[Work to be completed]
Reproduce, word for word, the lines in the material below starting with the one that has "Pentax 70mm f2.8 Pentax-110 - Lens" and going on through the one that has "Nokia 4.2User GuideIssue 2019-11-19 en". Leave out all pictures.

[Data to process]
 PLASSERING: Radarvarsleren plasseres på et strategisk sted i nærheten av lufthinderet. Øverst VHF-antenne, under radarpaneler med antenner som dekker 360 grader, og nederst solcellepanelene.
* * *
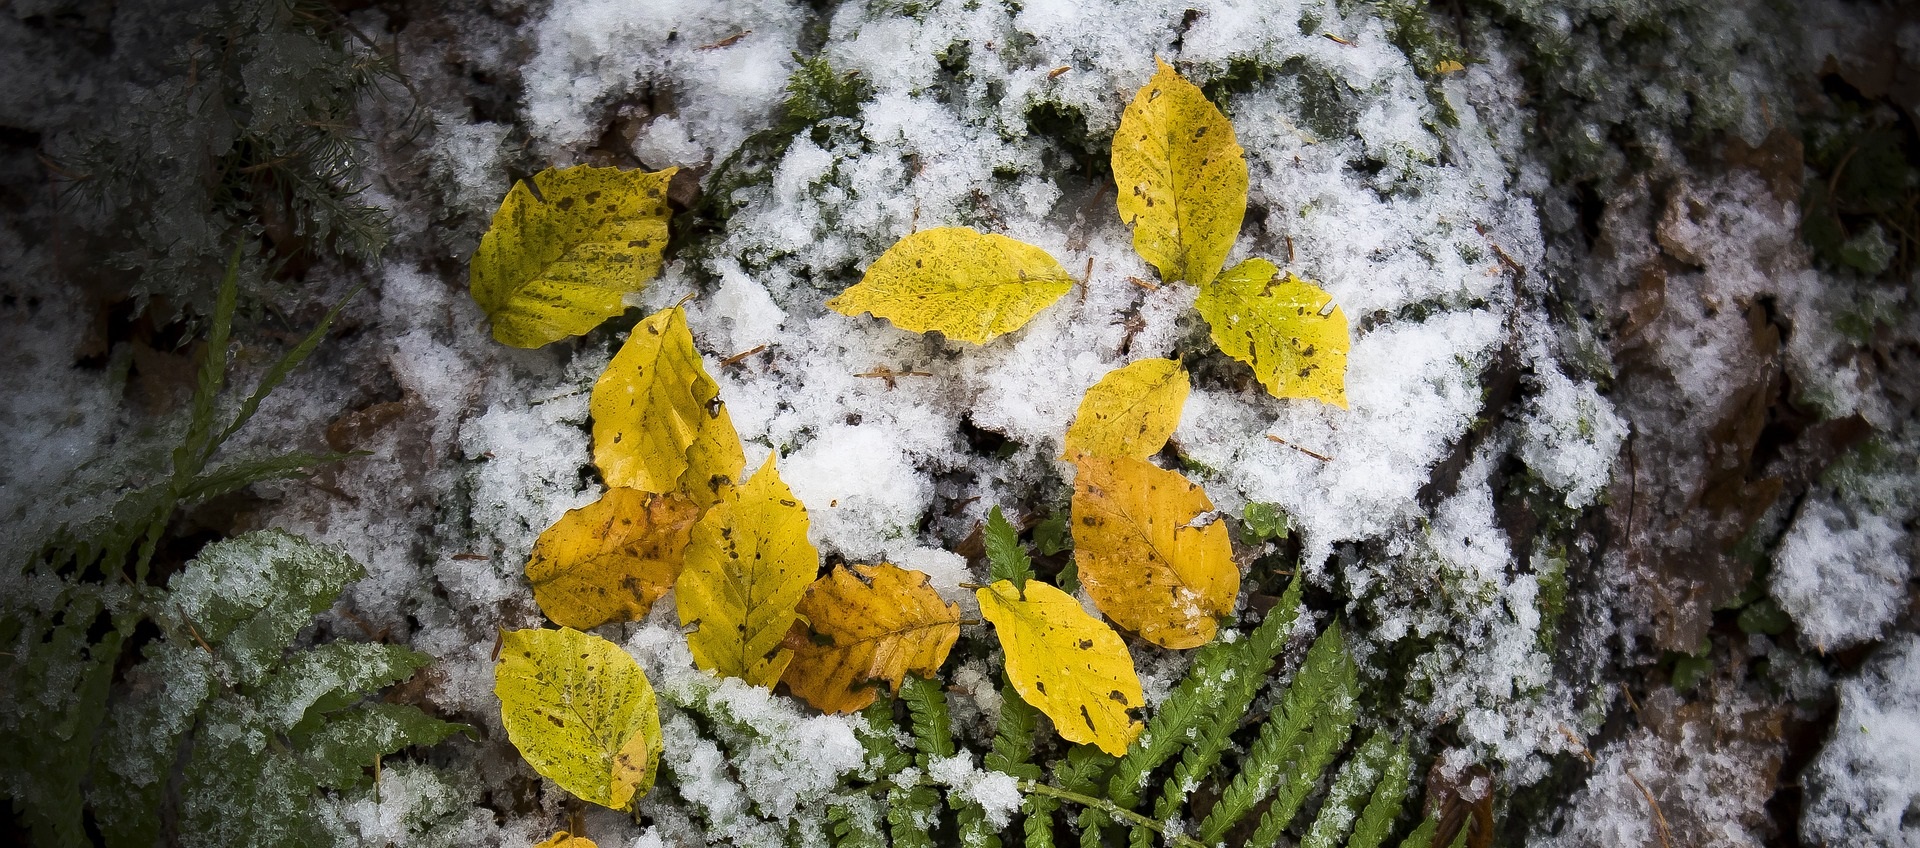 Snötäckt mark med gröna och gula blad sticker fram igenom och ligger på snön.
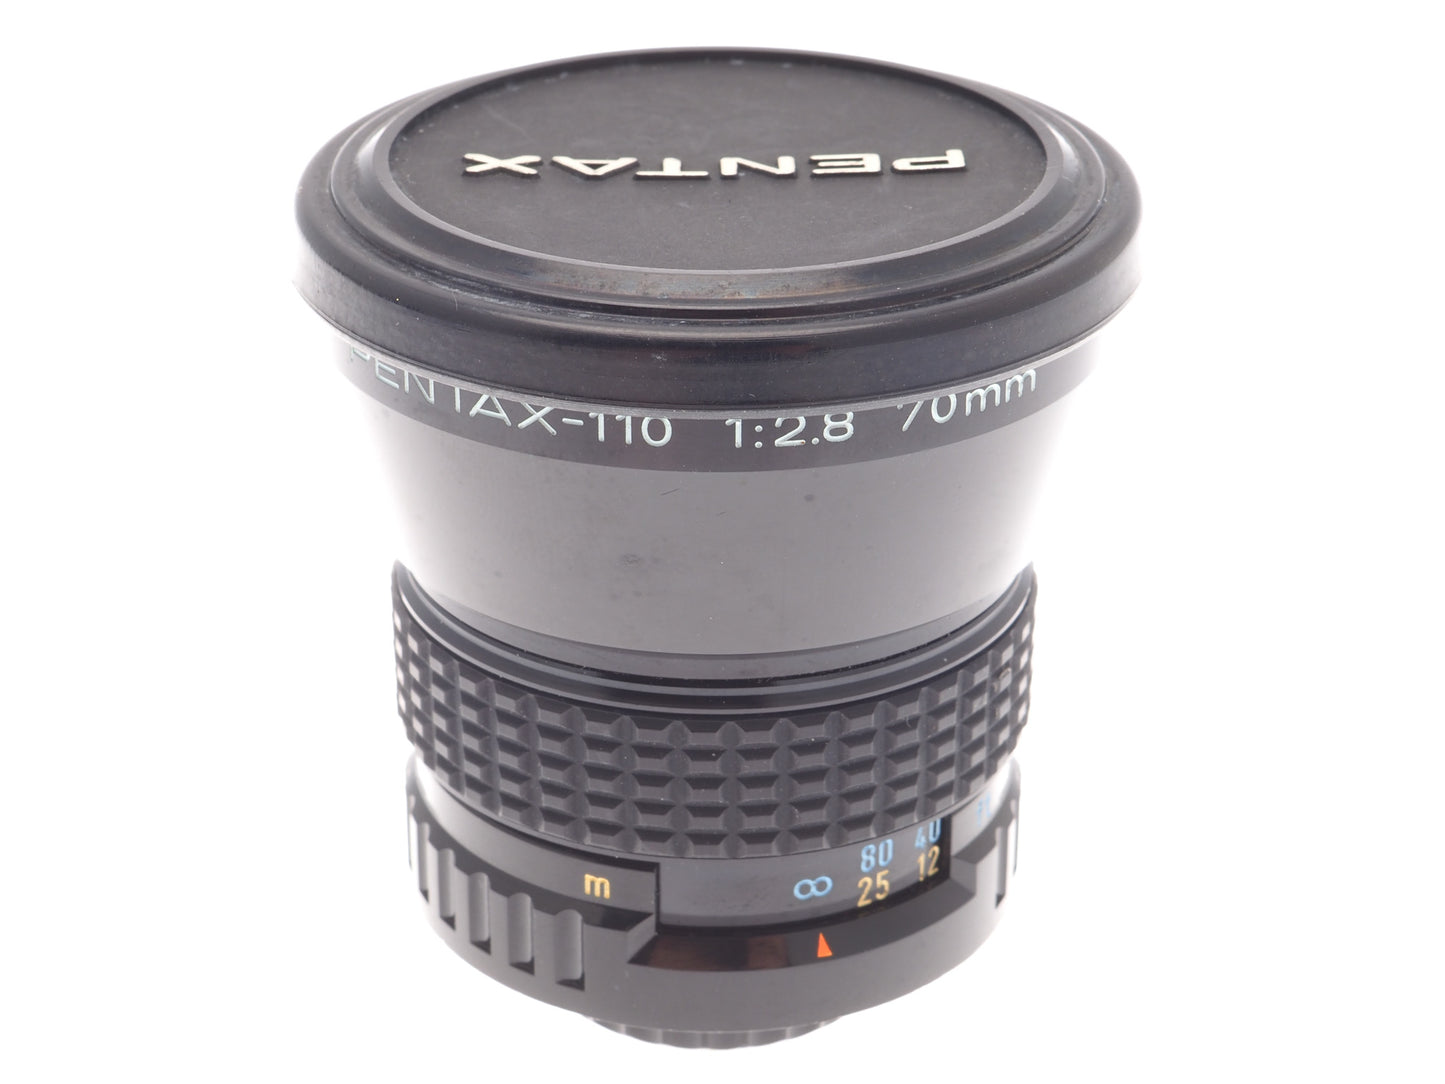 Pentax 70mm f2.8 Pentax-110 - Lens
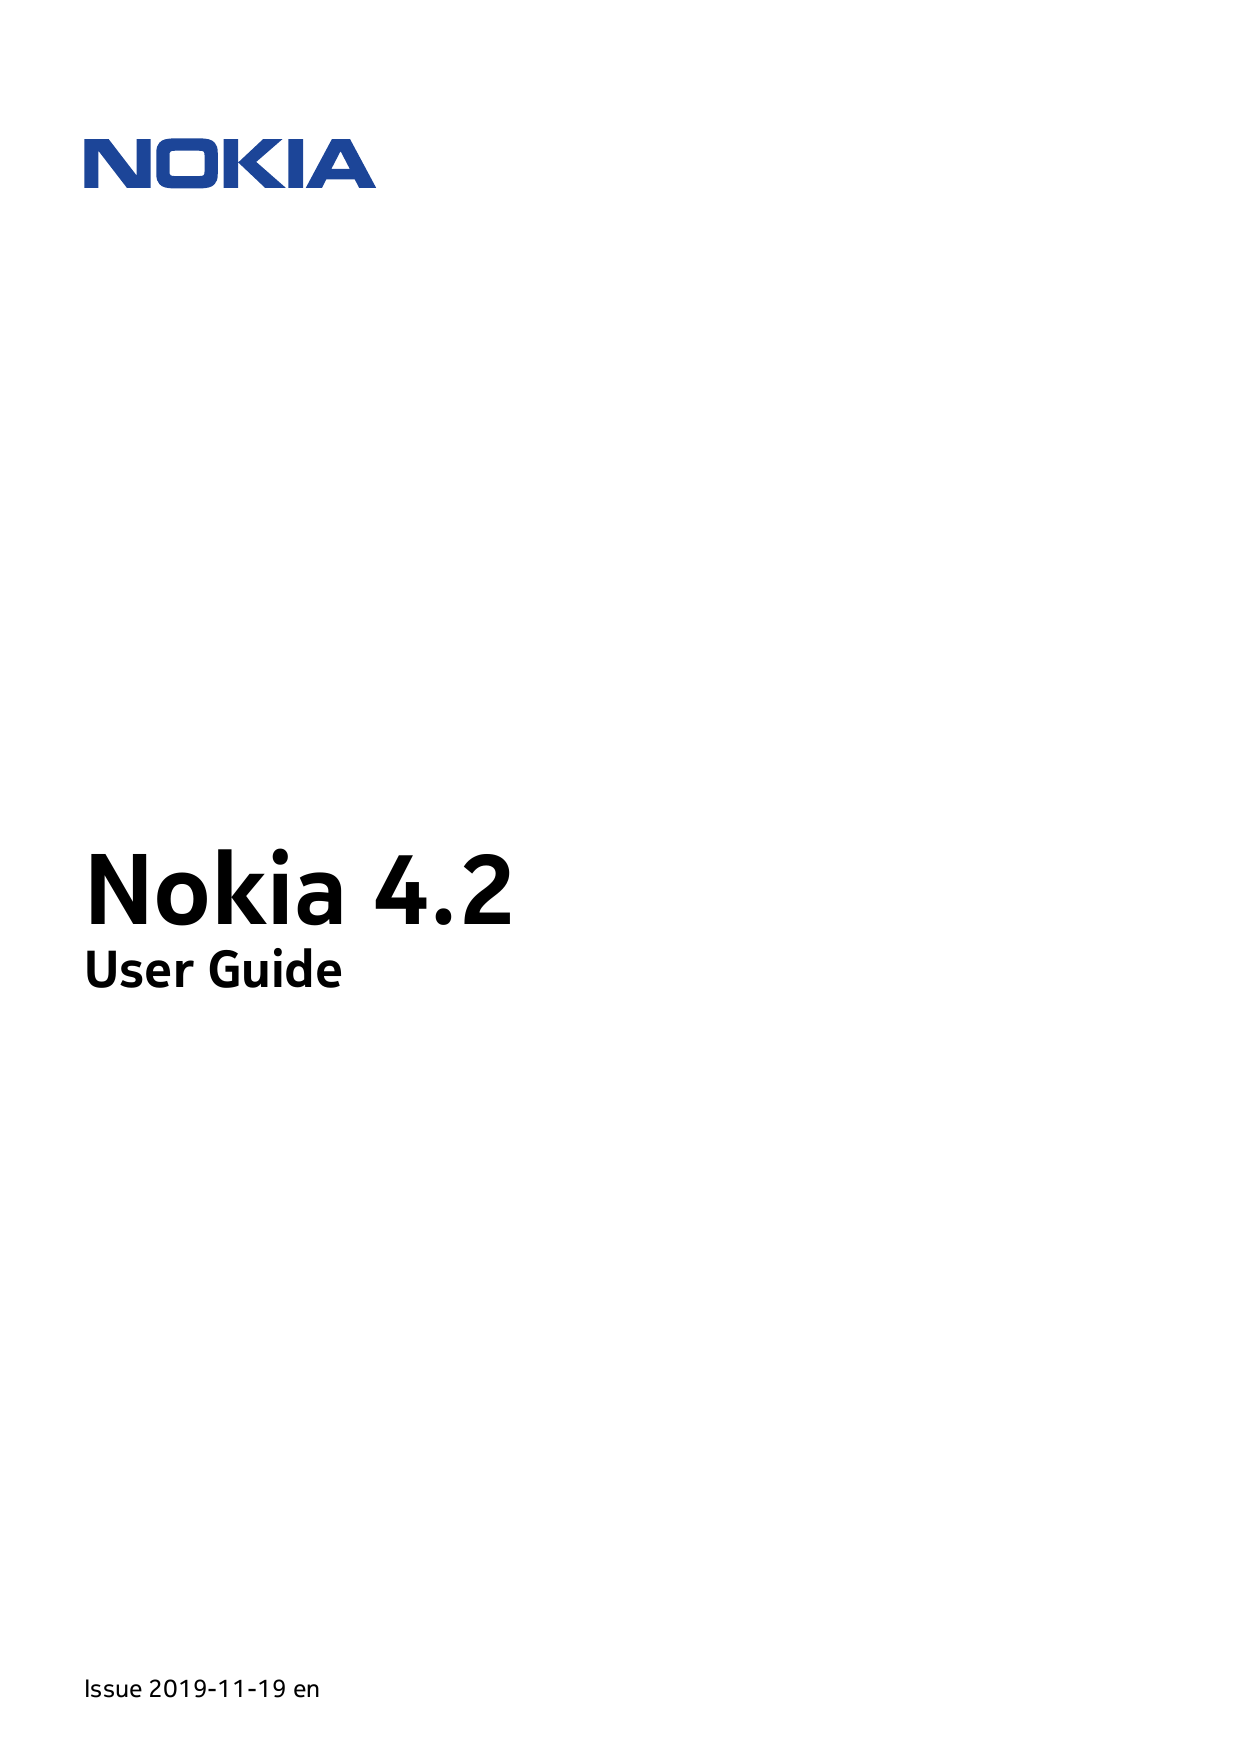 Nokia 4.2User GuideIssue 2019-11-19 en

[Answer section]
 Pentax 70mm f2.8 Pentax-110 - Lens
 Nokia 4.2User GuideIssue 2019-11-19 en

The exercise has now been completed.